» YOUR TASK
Restate exactly the lines below, from the one containing "Gamme Kérastase Paris soins et shampoings" through the final line, and leave out the pictures.

» GIVEN DATA
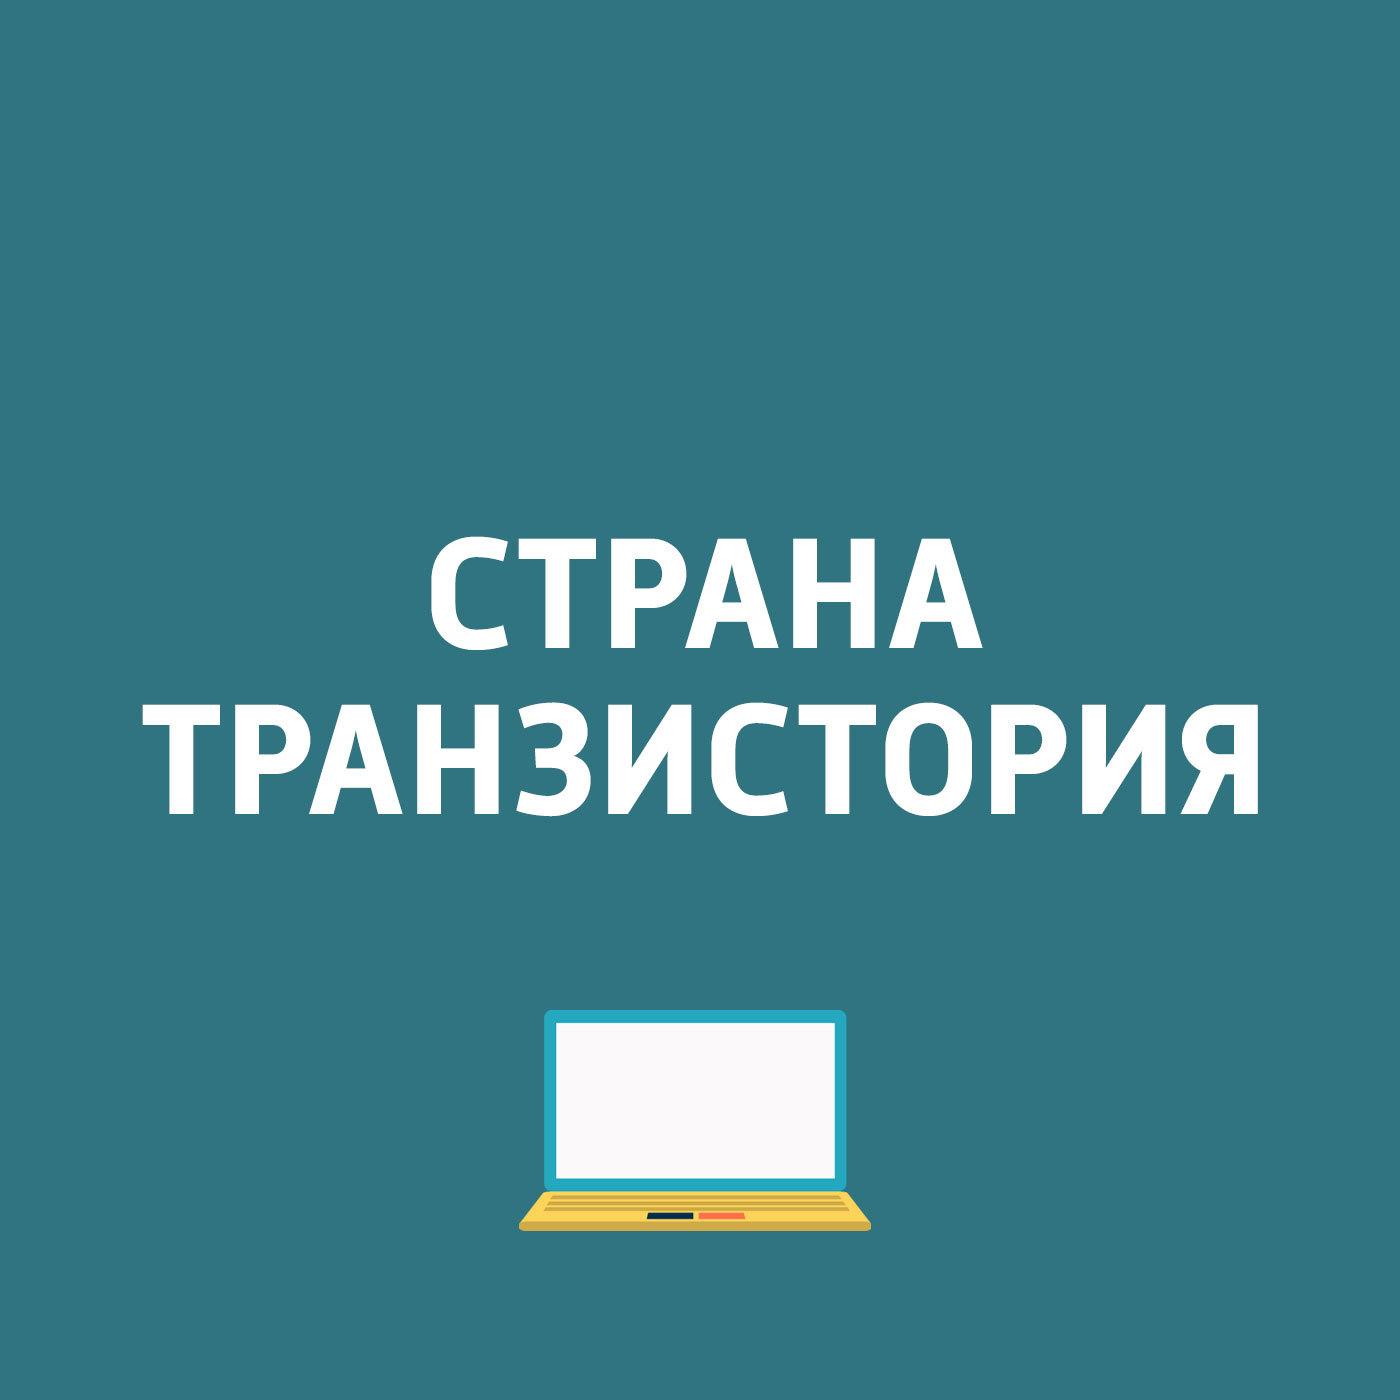 Mail.Ru Groupобъявила о запуске нового мессенджера TamTam
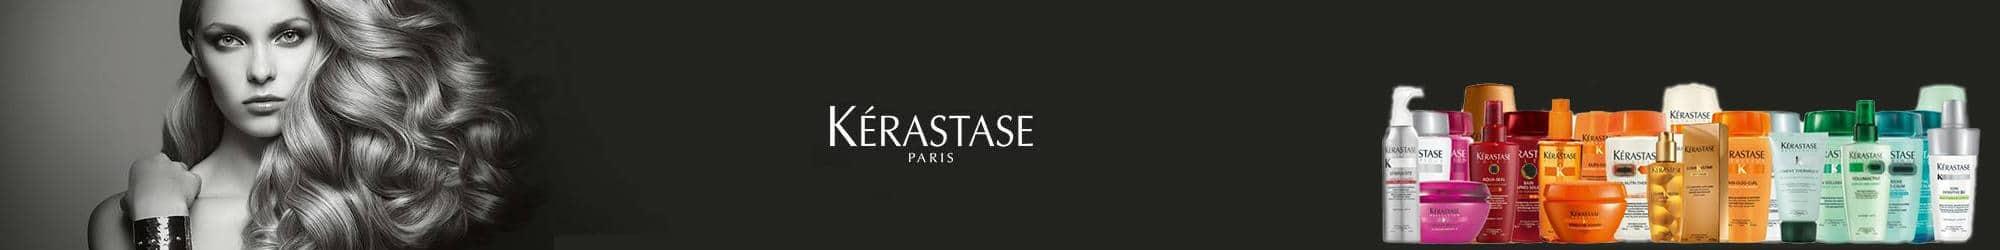 Gamme Kérastase Paris soins et shampoings
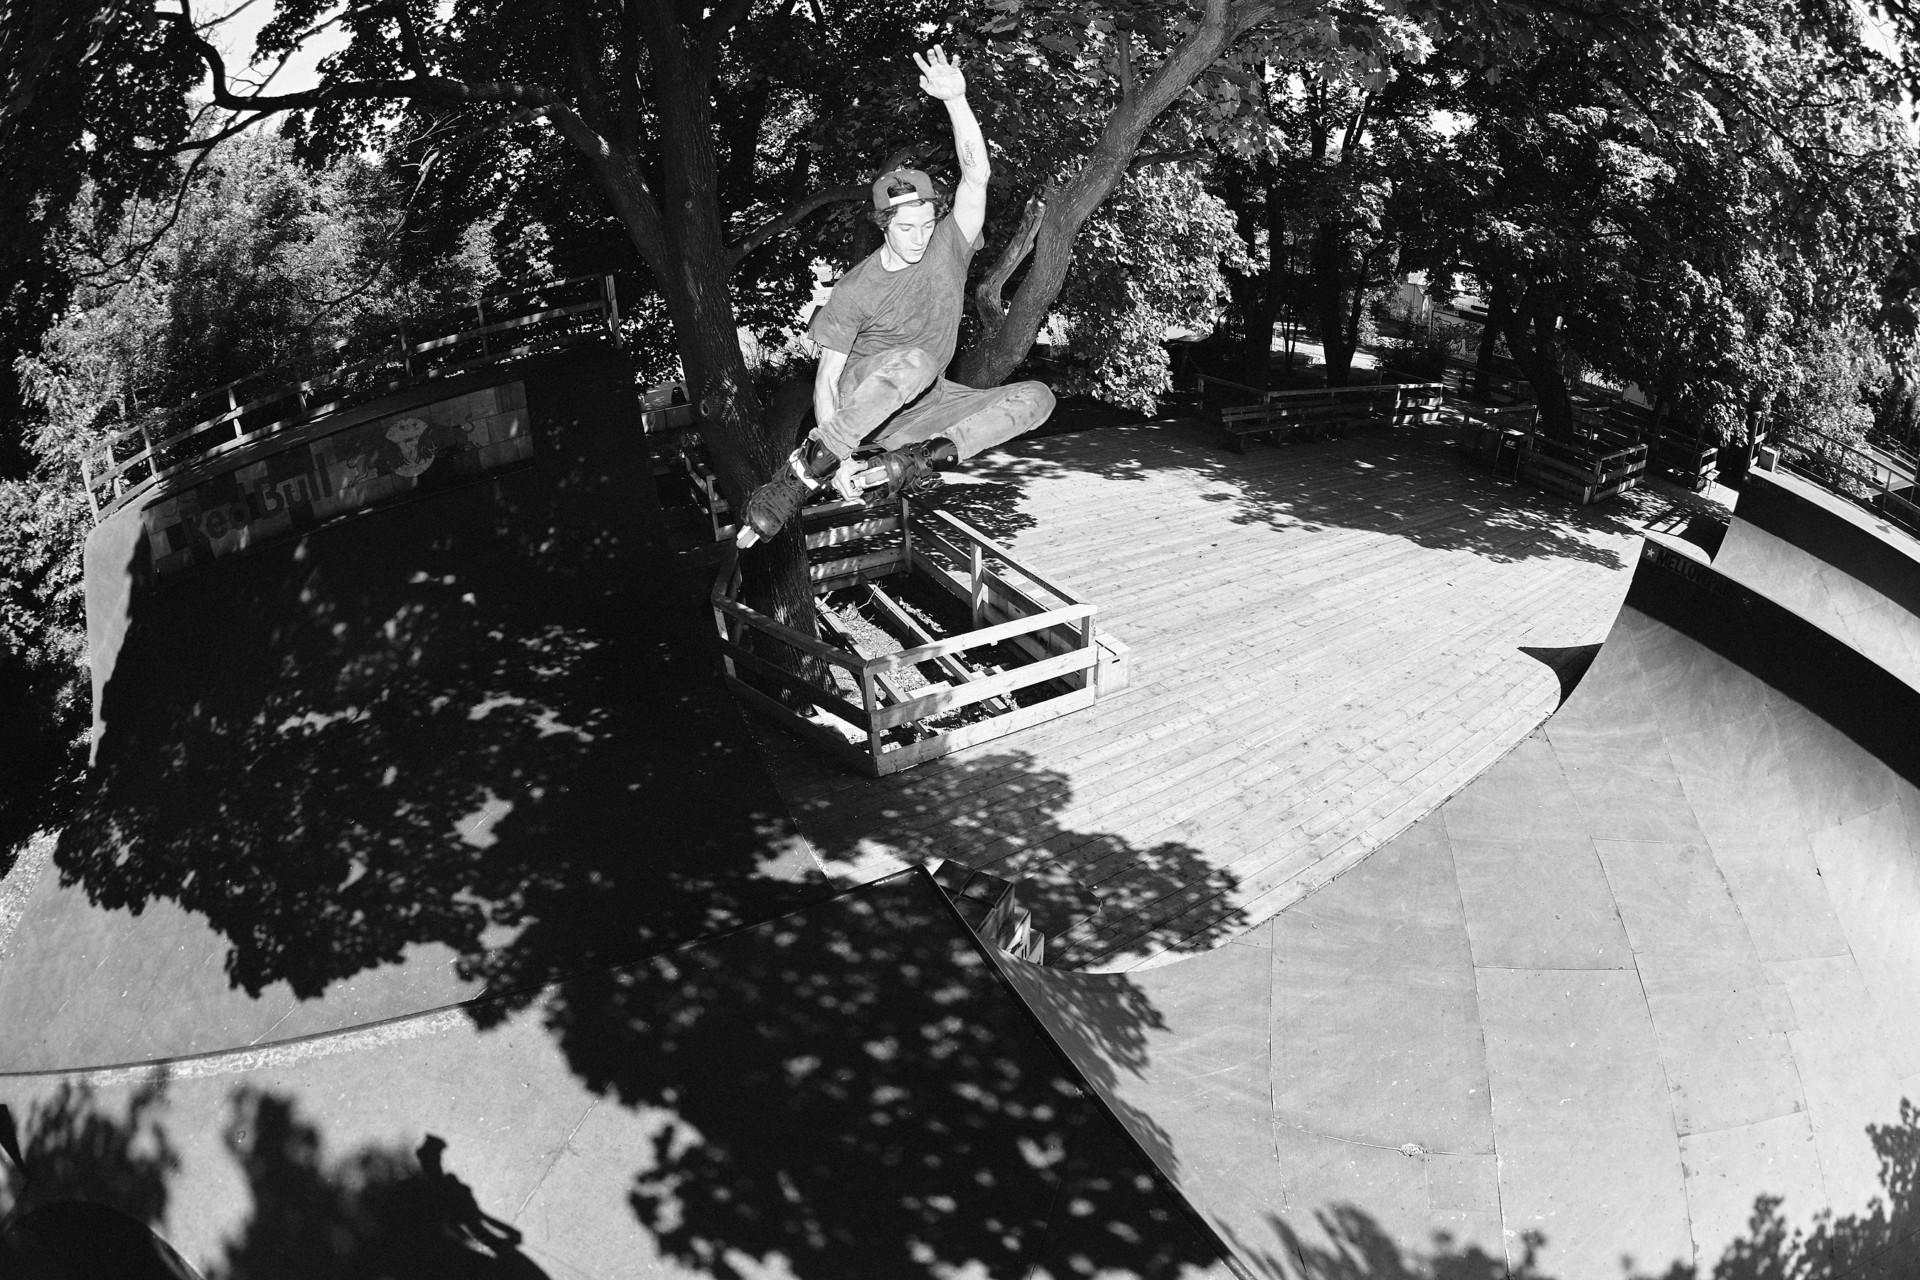 Felix Strosetzki - Photography Rollerblading
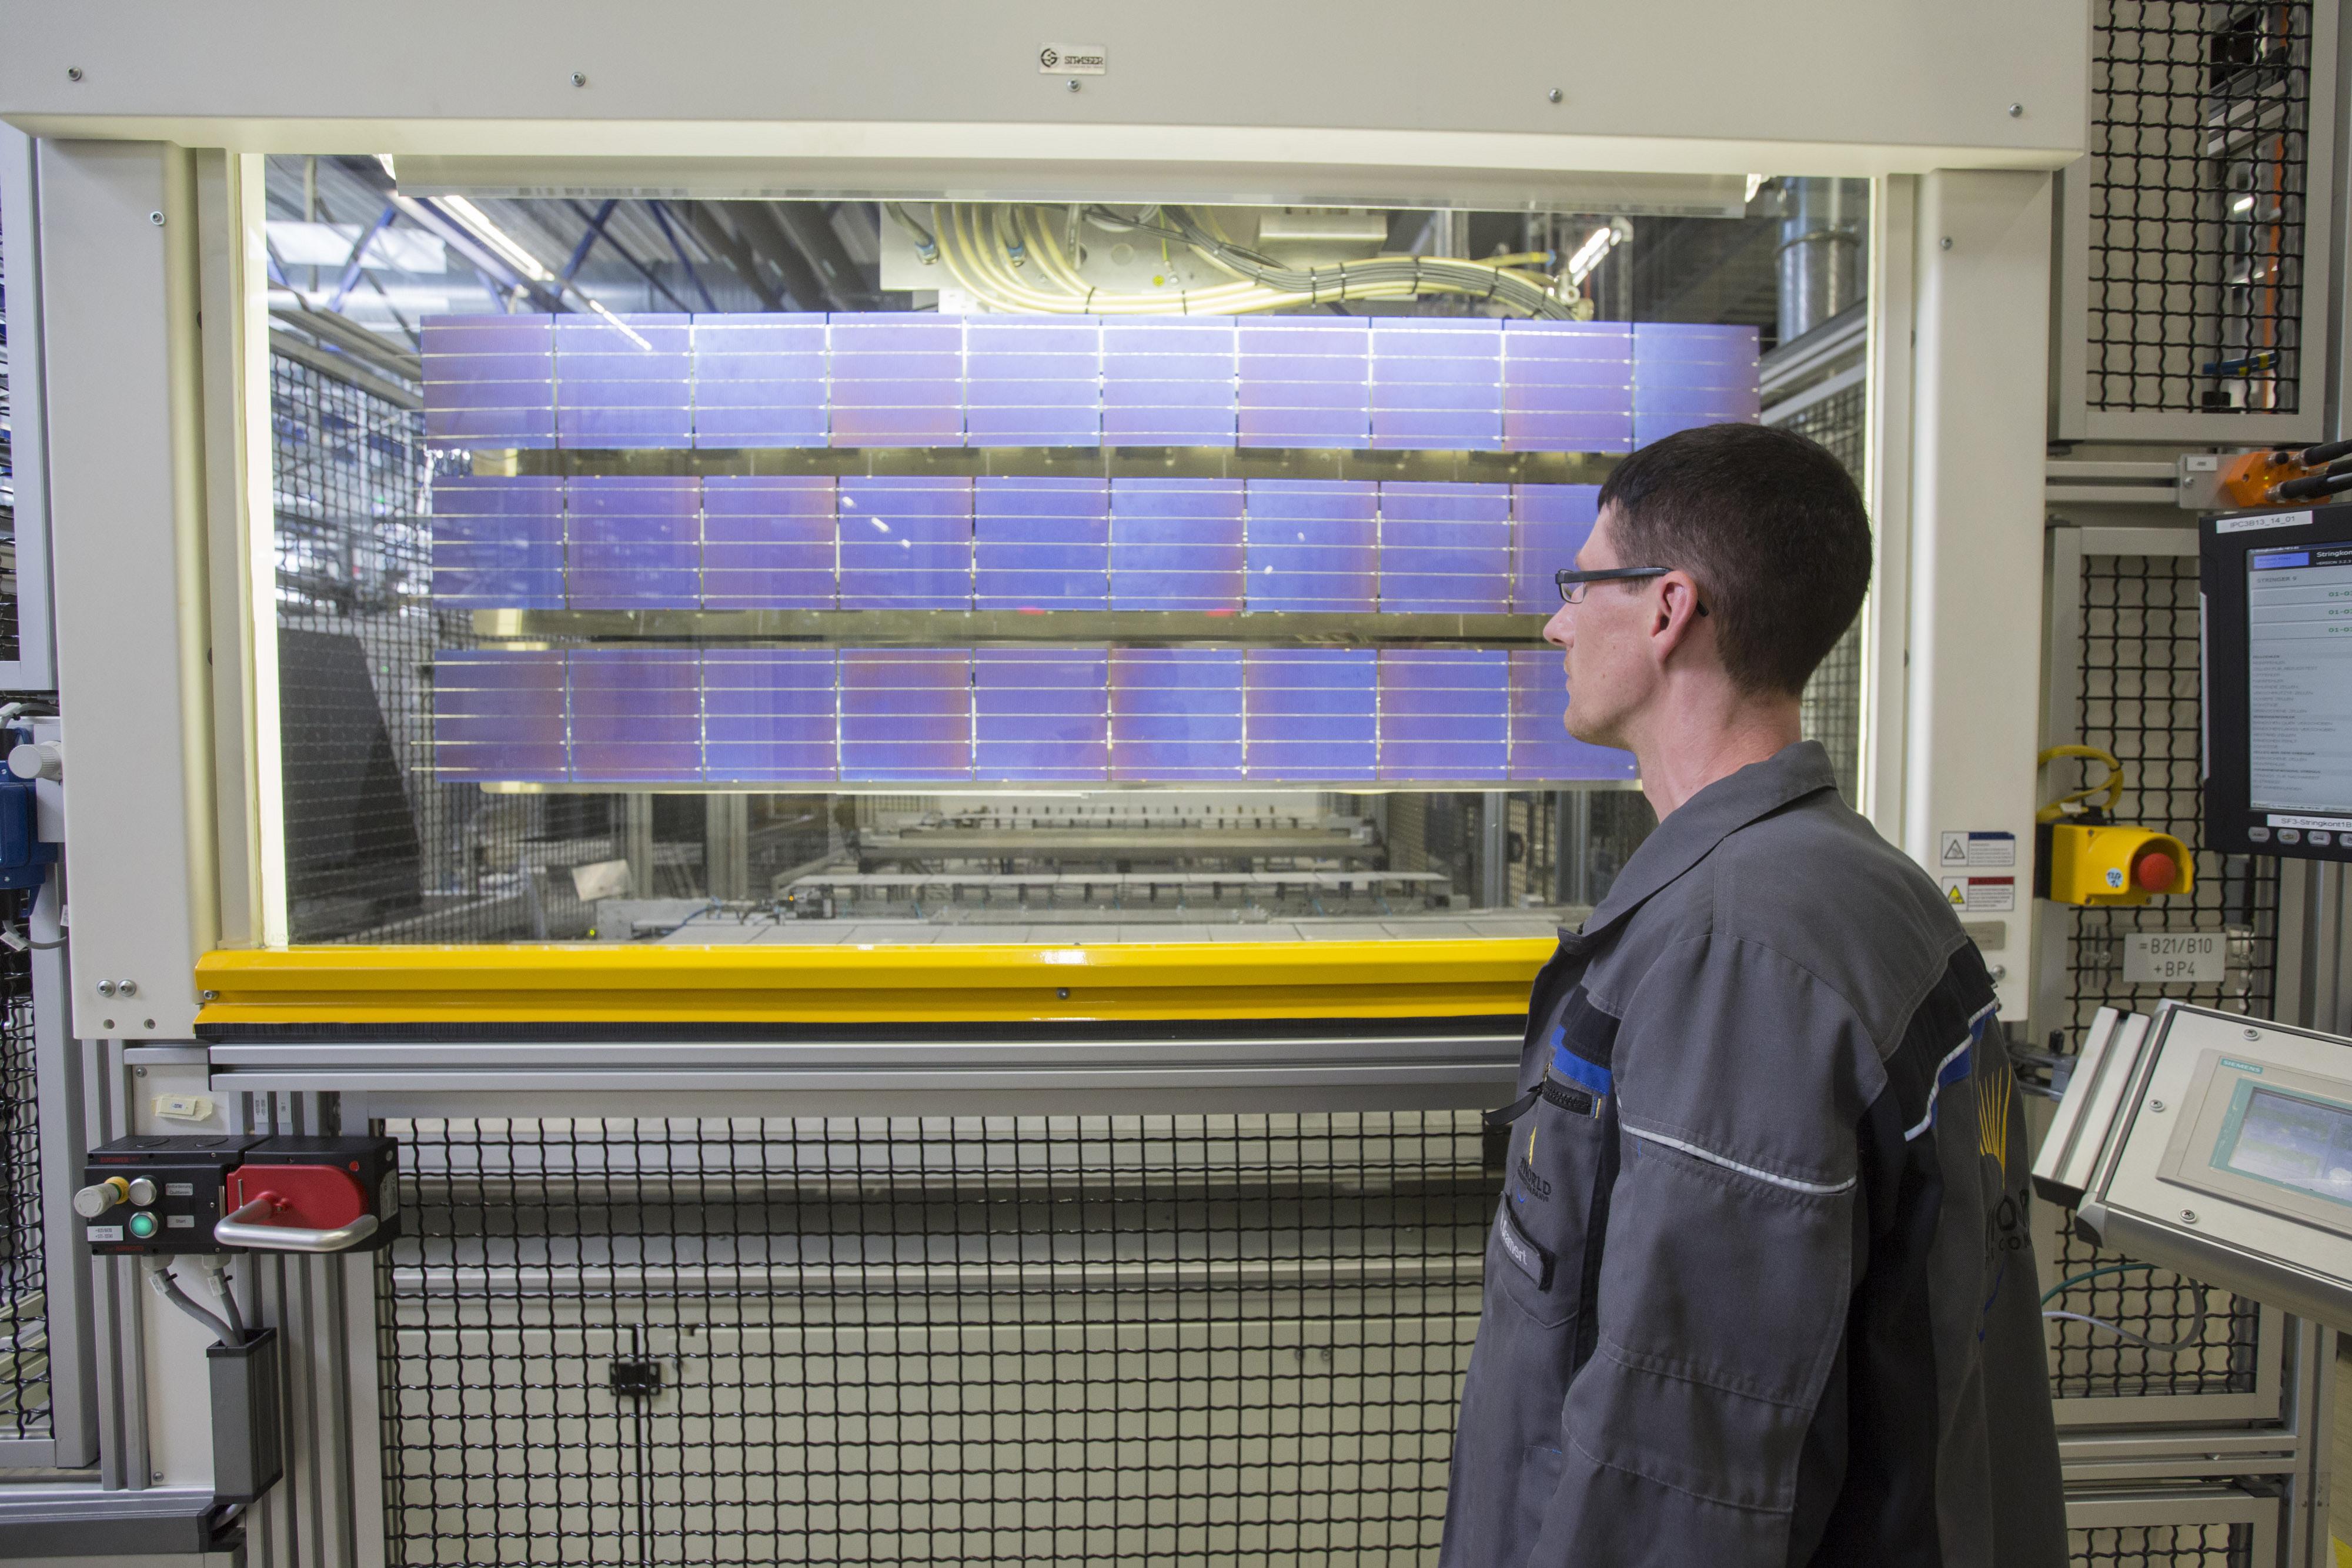 Solar Panel Maker Wins Trade Commission Finding Tariff

» TASK OUTPUT
 Gamme Kérastase Paris soins et shampoings
 Felix Strosetzki - Photography Rollerblading
 Solar Panel Maker Wins Trade Commission Finding Tariff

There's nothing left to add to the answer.